Messaggio per la Giornata della Memoria

“Ricordiamo per costruire qualcosa di diverso”. Il Segretario di Stato per l’Istruzione, la Cultura e l’Università, Romeo Morri, ha partecipato questa mattina alla celebrazione della Giornata della Memoria, alla Scuola media statale di Serravalle. Presenti all’iniziativa, oltre agli alunni delle classi terze, gli Eccellentissimi Capitani Reggenti, Ernesto Benedettini e Assunta Meloni.
Nel suo intervento di saluto, il Segretario di Stato ha ricordato come sia stata la risoluzione delle Nazioni Unite del 25 novembre del 2005 a fissare per il 27 gennaio, data della liberazione del campo di concentramento di Auschiwitz, la giornata internazionale delle vittime dell’Olocausto. Il periodo che va dal 30 gennaio 1933, quando Adolf Hitler è stato nominato Cancelliere, all’8 maggio del 1945, ha proseguito, “è stato tristemente contrassegnato da milioni di vittime in nome della follia razziale: non solo ebrei, ma anche zingari, serbi, polacchi, oppositori del nazismo. Oggi, al di là delle ricostruzioni storiche, è quanto mai necessario porsi degli interrogativi”.
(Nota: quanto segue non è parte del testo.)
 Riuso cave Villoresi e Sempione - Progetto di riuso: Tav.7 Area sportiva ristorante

Secondo il Segretario di Stato “non sempre negli ultimi 50 anni c’è stata piena coscienza di quanto è accaduto durante la Seconda Guerra Mondiale. L’umanità ha scelto la strada di un lungo silenzio per cercare di rimuovere un’esperienza troppo forte e violenta”. Invece, negli ultimi 10 anni, c’è stata una “forma di liberazione collettiva: molto materiale sull’Olocausto è stato sottratto all’oblio e riportato alla luce: tanti uomini hanno raccontato l’esperienza che in prima persona avevano vissuto”. Autori come Primo Levi, pellicole come Kapò, ha ricordato il Segretario di Stato Morri, hanno fornito “la traccia per ripartire: la letteratura, la scrittura, l’arte e il cinema restano oltre l’oblio che l’uomo cerca di imporre”.
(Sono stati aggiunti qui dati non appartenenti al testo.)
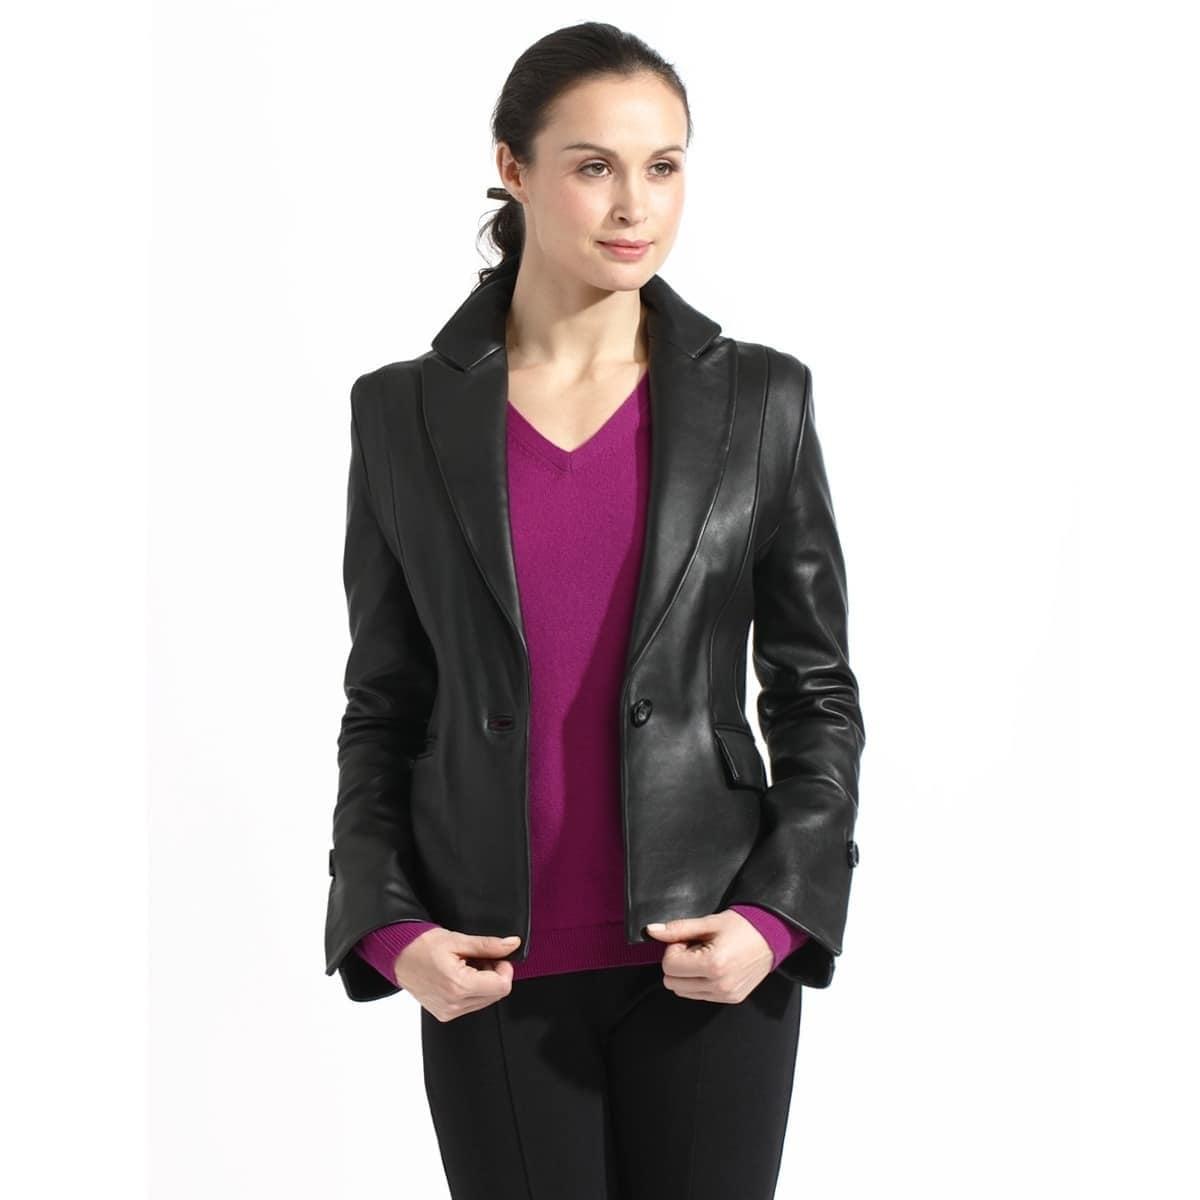 8c1ee8074a2 Buy Coats Online at Overstock

Il “compito morale” del ricordo è dunque fondamentale per conoscere il male, anche nella sua più estrema efferatezza, e creare un futuro diverso. “Considerare lo straniero come un nemico, come scrive Levi, – ha concluso il Segretario di Stato – è la premessa di una catena che porta ai lager. Noi dobbiamo operare affinché i giovani costruiscano un futuro visibile e da condividere”.